Question time in the House of Commons of Canada, colloquially referred to as Question Period, and formally known as Oral Questions, occurs during each sitting day in the House of Commons. The questions may be posed to either the prime minister of Canada, or any minister of the Cabinet of Canada.

In addition to the House of Commons of Canada, question period is also a convention that is practiced in the various legislative bodies of the provinces and territories of Canada. Like the federal House of Commons, Question Period in the Legislative Assembly of British Columbia, Legislative Assembly of Manitoba, and the Legislative Assembly of Ontario is formally known as Oral Questions. In the Quebec National Assembly, the practice is called Oral Questions and Answers.

===Ireland===
In the Oireachtas, Ireland's parliament, questions are asked in Dáil Éireann, the lower house, to which the government of Ireland is responsible.
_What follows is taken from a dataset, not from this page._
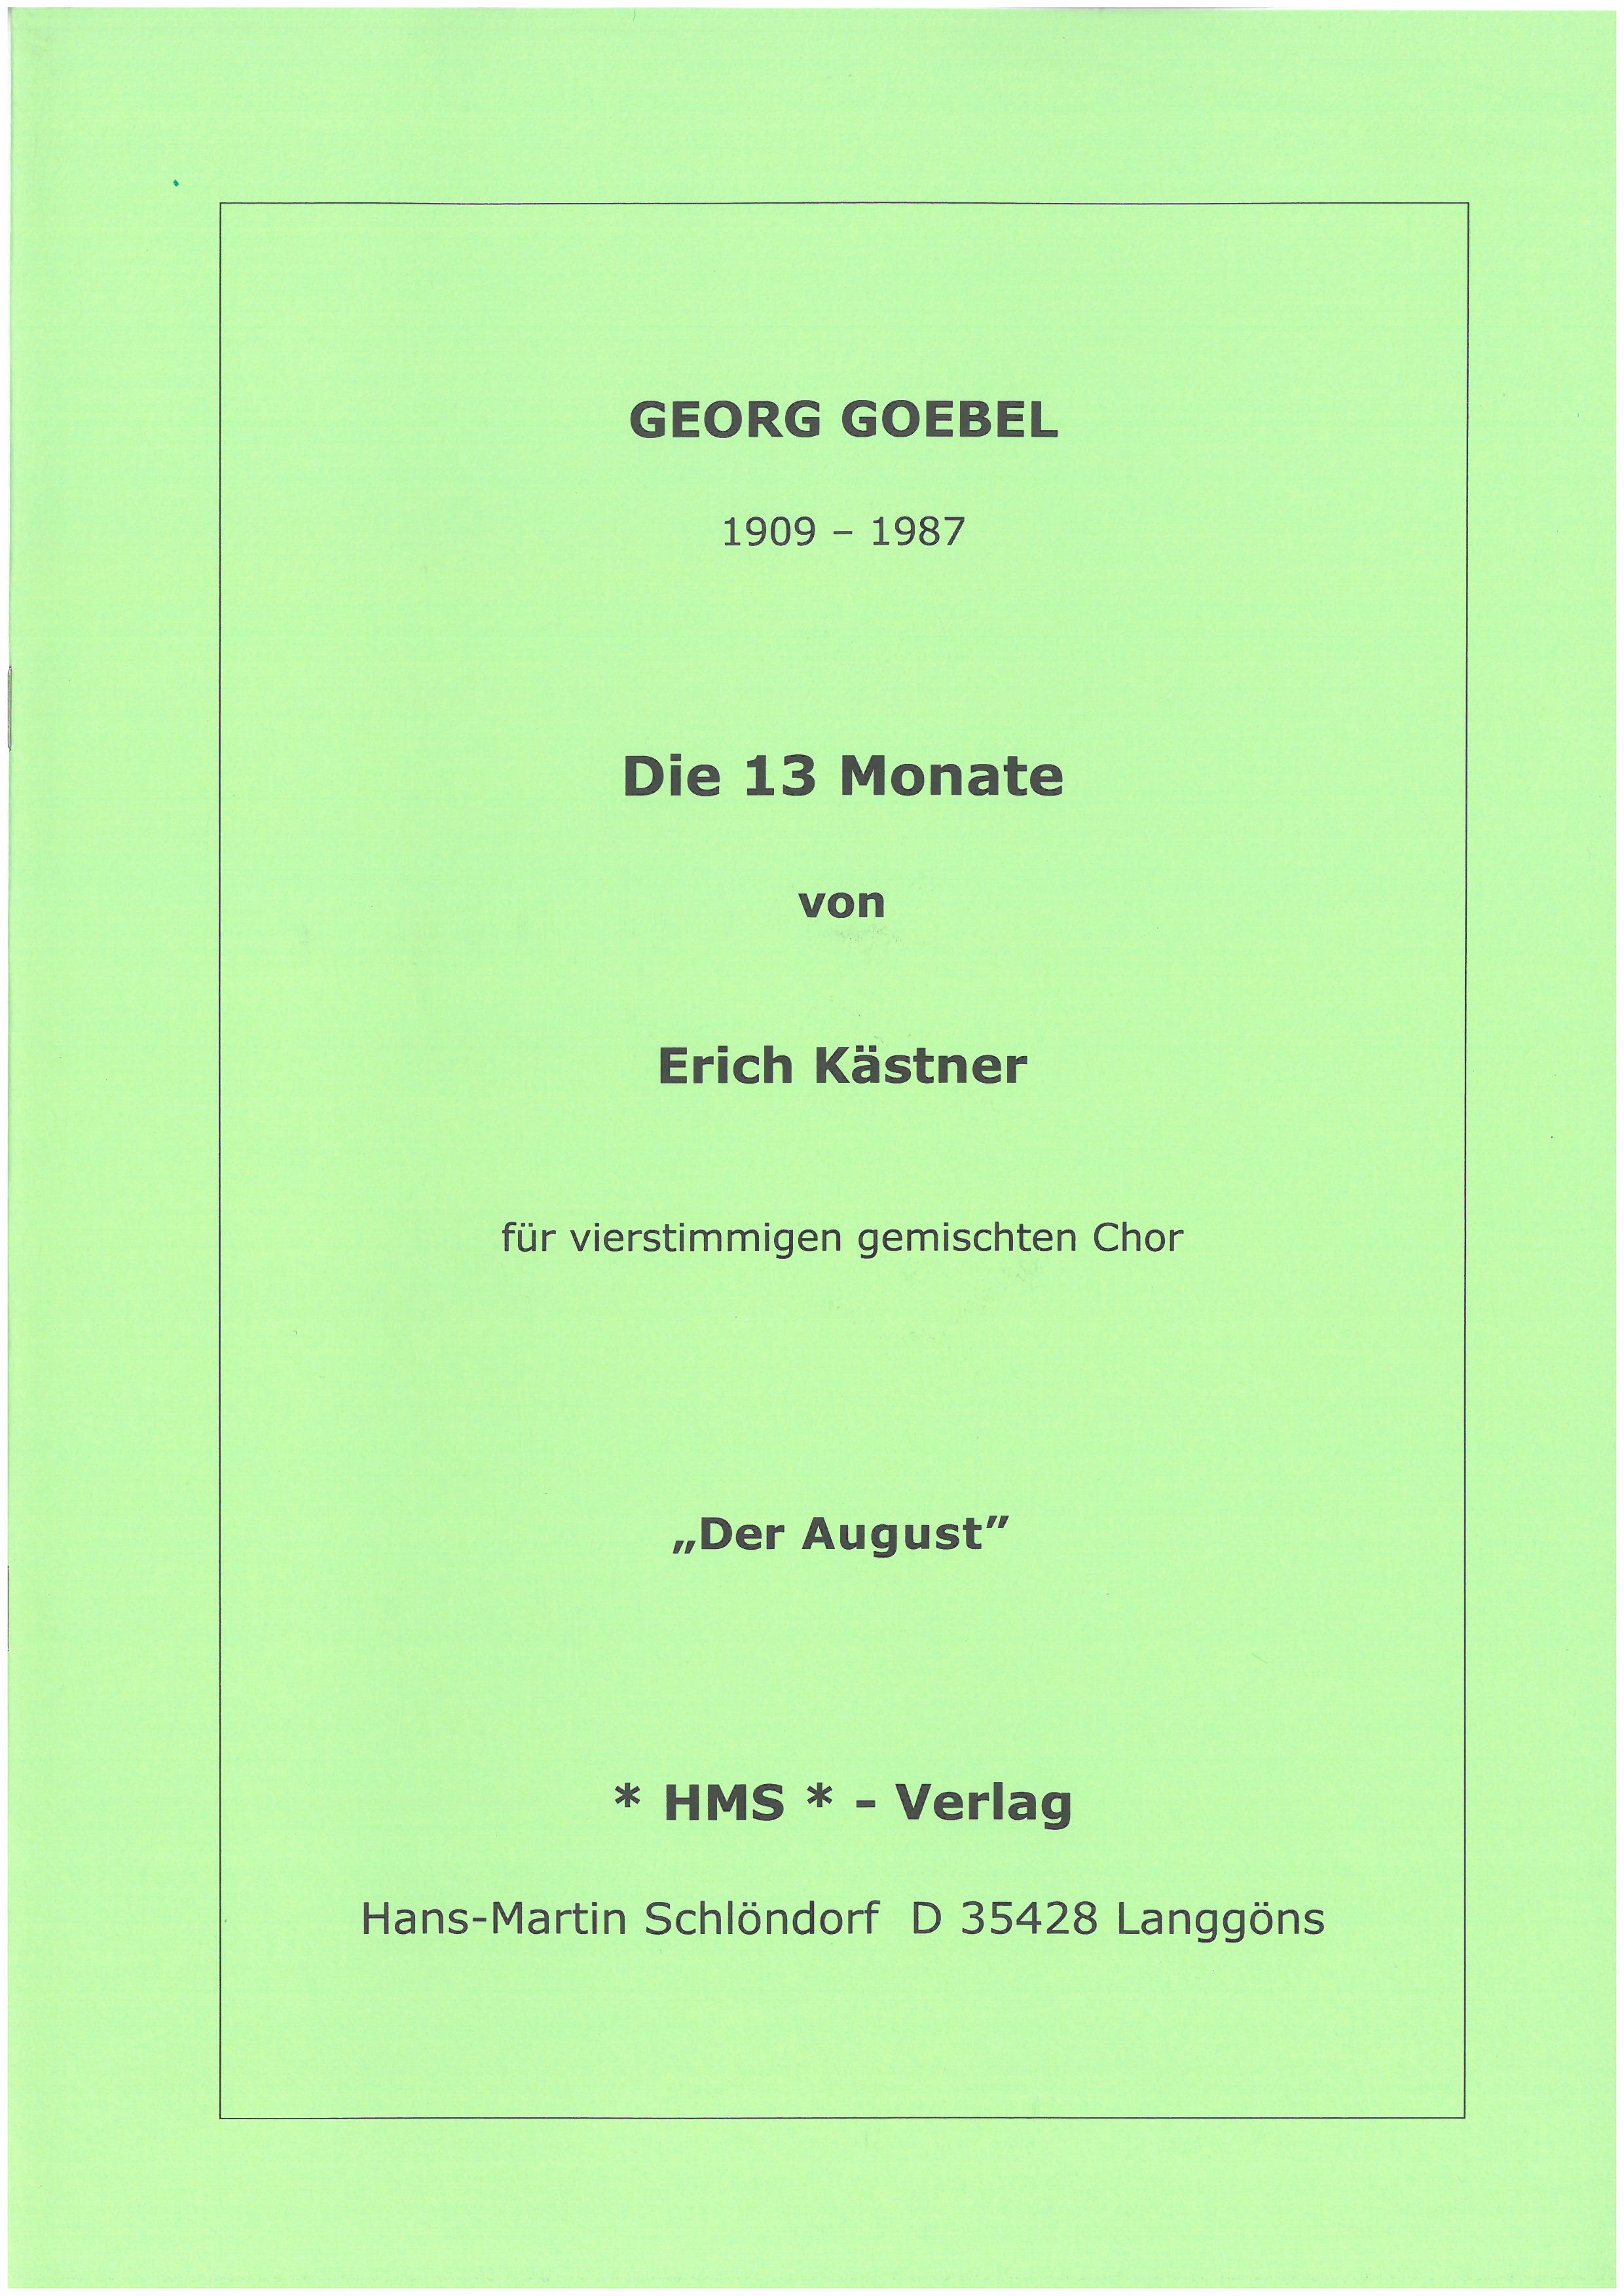 August aus dem Chorzyklus 13 Monate - nach Erich Kästner

The Ceann Comhairle (speaker) has wide discretion on allowing questions, which are directed to the minister in charge of the relevant Department of State. A question may be answered by any cabinet minister due to cabinet collective responsibility, or by a (non-cabinet) Minister of State at the relevant Department of State. Questions requiring departmental research may not have an answer available within the three-day notice period; these tend to be submitted for written rather than oral response. The Ceann Comhairle may permit a supplementary question to an oral response. Reforms in 2016 at the start of the 32nd Dáil created separate time slots for different types of question, and empower the Ceann Comhairle to demand a further response if the initial one is deemed inadequate.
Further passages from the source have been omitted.